Close Quarters

Kate Bowen
Sheffield Theatres and Out of Joint
Crucible Theatre Studio

Chloe-Ann Tyler and Sophie Melville in Close Quarters Credit: Mark Douet

In collaboration with Out of Joint Theatre Company, Sheffield Theatres presents a new play by Kate Bowen, her first full-length play to be produced.

Close Quarters refers to the imagined experience of three young women who have signed up for close-combat infantry duty in the British Army and find themselves in action on the Estonian border with Russia.

Two of the girls are close friends from working class backgrounds near Glasgow, the third a Welsh girl who has escaped the tedium of life as a farm labourer. All three are determined to prove themselves equal to the male squaddies they train and fight with.

Bowen shows awareness of the broader political context of the government’s decision to include women in fighting roles but is more interested in the individual women, their reasons for joining a close combat group, the prejudice they experience and their discipline and interdependence in a small fighting force.

In the small team, Sarah Findlay, played by Adiza Shardo, is intelligent, well-informed, cool under pressure and a natural leader. She copes with adverse comments by ignoring them and asserting a completely professional military persona. In contrast, her life-long friend Alison Cormack (Chloe-Ann Tylor), despite her outstanding physical fitness, is unable to suppress emotive responses to individuals or situations, which has exposed her to sexual harrassment and endangers the lives of her colleagues when she responds emotionally in action.

The third woman, Clare Davies (Sophie Melville), though apparently tough and aggressive also wavers under pressure, further threatening the success of the mission. In addition to the key female characters in the team, Lance Corporal Brian Armstrong (Dylan Wood), ostensibly in charge, lacks leadership qualities under pressure.

The remaining characters, the black Sergeant John Adeyemi (Bradley Banton) and Captain Anna Sands (Kathryn O’Reilly), now established as an effective female officer, bring other important perspectives to the action. Sands, particularly, points out that women cannot stand up to the physical rigour of the job over a period of years and urges the able Findlay to apply for officer training and go to Sandhurst.

The language of the play, which includes several dialects, is convincing and fast-moving.
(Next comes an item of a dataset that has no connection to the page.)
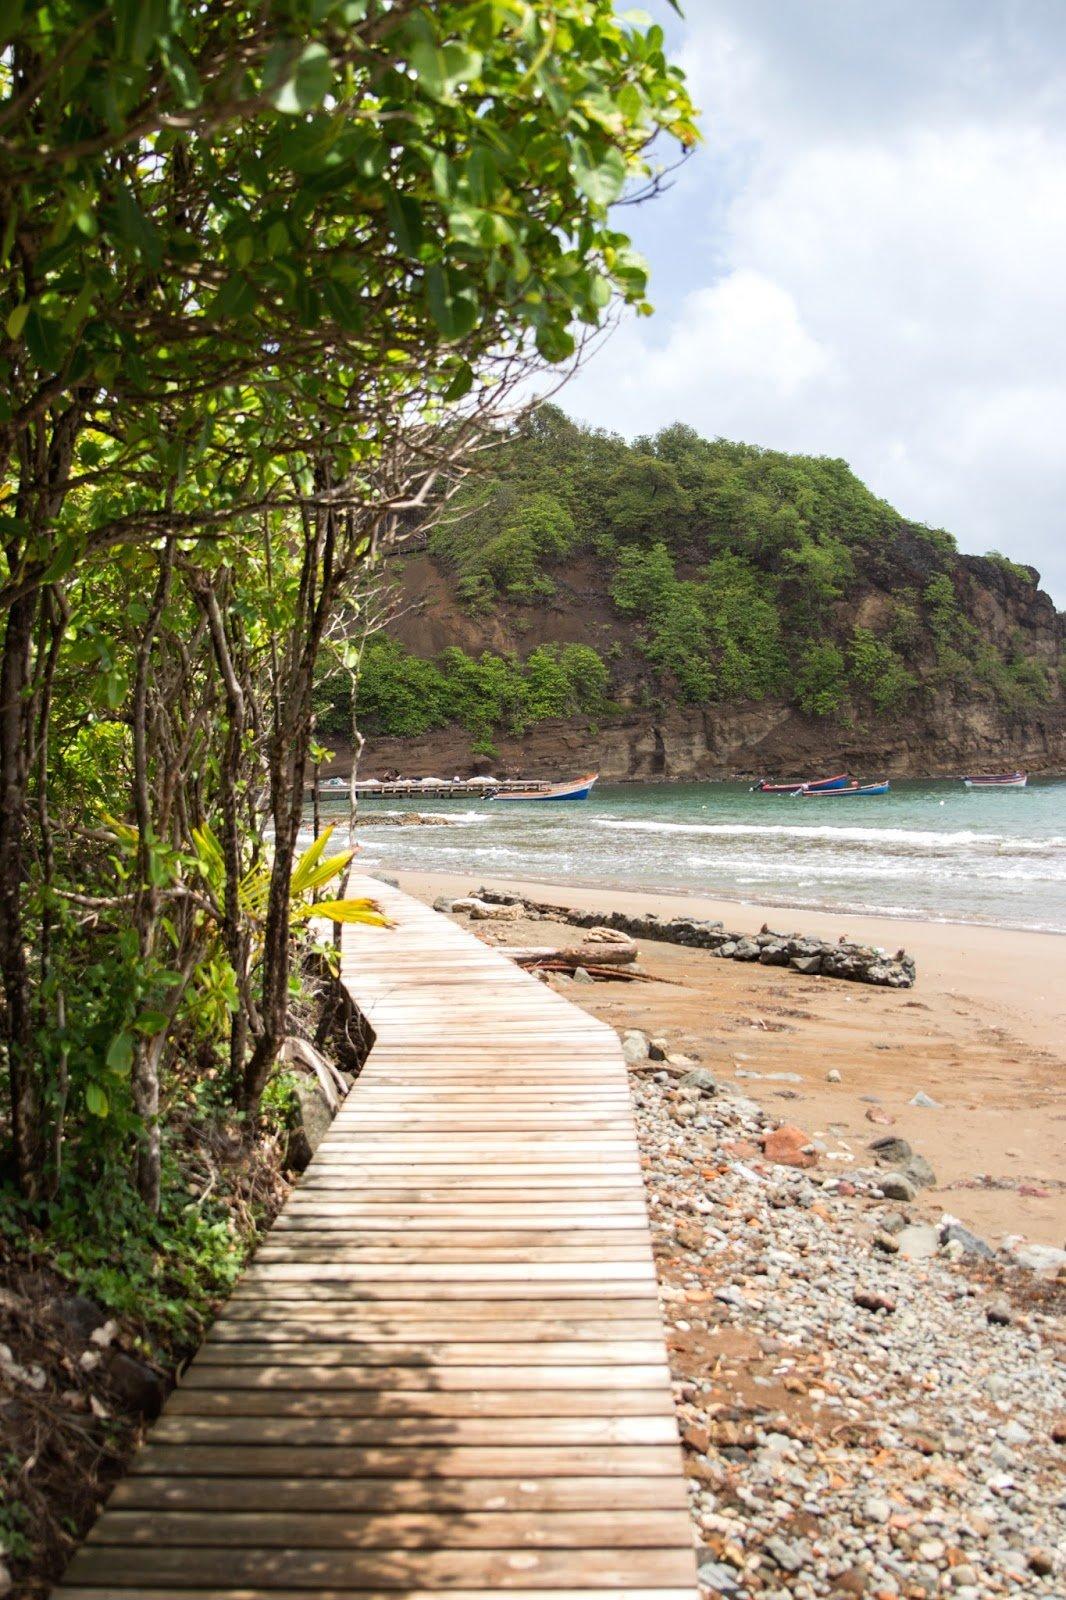 îlet Sainte Marie Nord de la Martinique

Scenes of mimed training, athletic gymnastics and action under fire punctuate the action and the scenes of actual combat are tense and exciting, revealing the strengths and weaknesses of the individual characters. Effective direction by Kate Wasserberg.
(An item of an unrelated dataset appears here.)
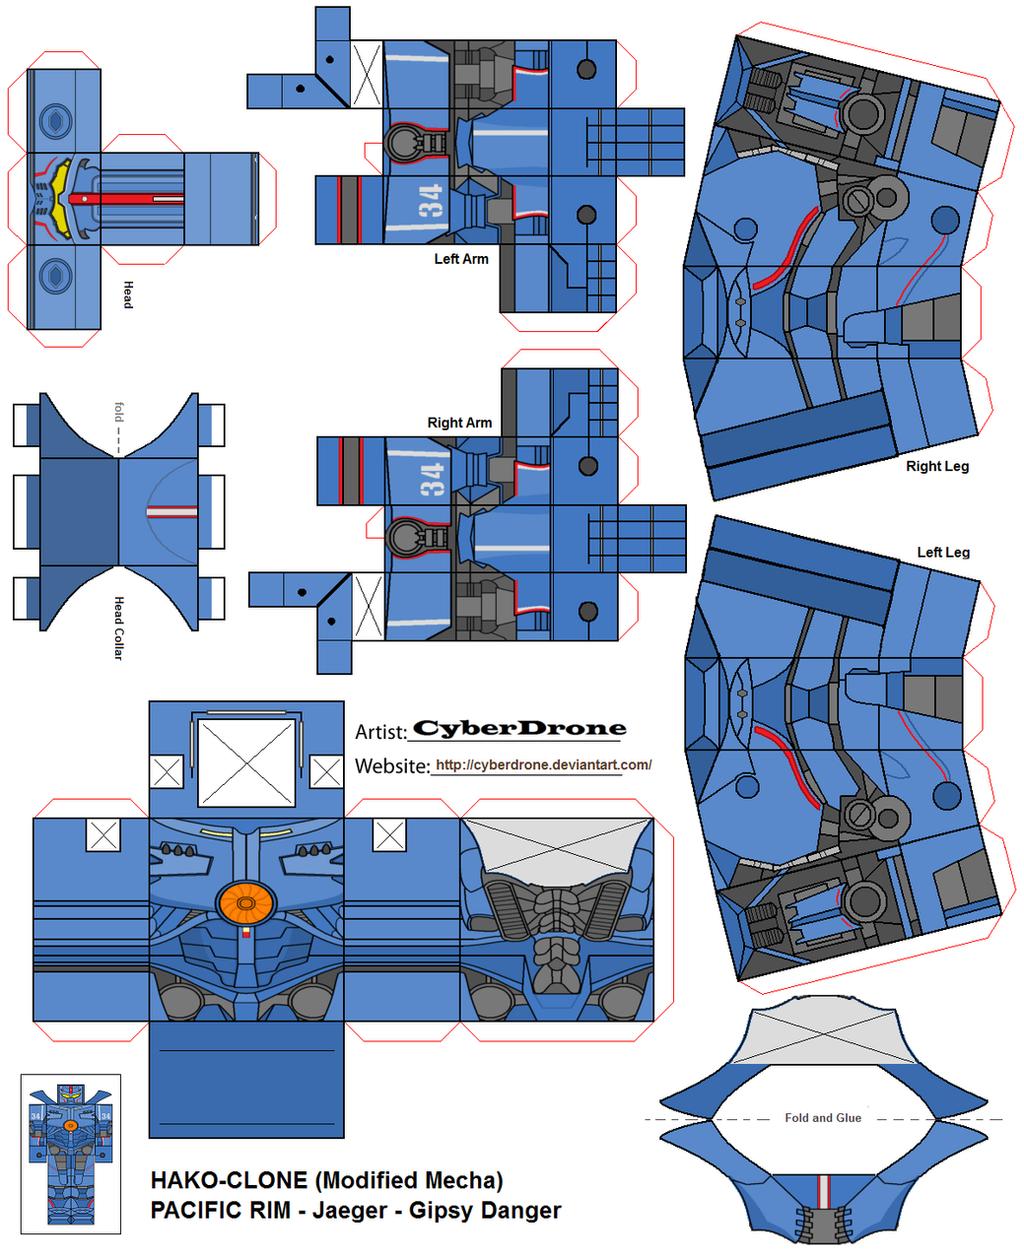 terminator wallpaper 4k

The play raises issues that will be recognisable to men as well as women who have gone through military training, the most important of which concern the absolute need for discipline, effective leadership, trust and interdependability. What this play also suggests is a prevailing culture which denigrates and humiliates women in uniform, with covert sniggering, hand gestures, bullying and exposure if there is a sexual encounter to reveal. Even Findlay, who is a successful and strongly committed recruit, eventually takes a path which will enable her to rise above all this.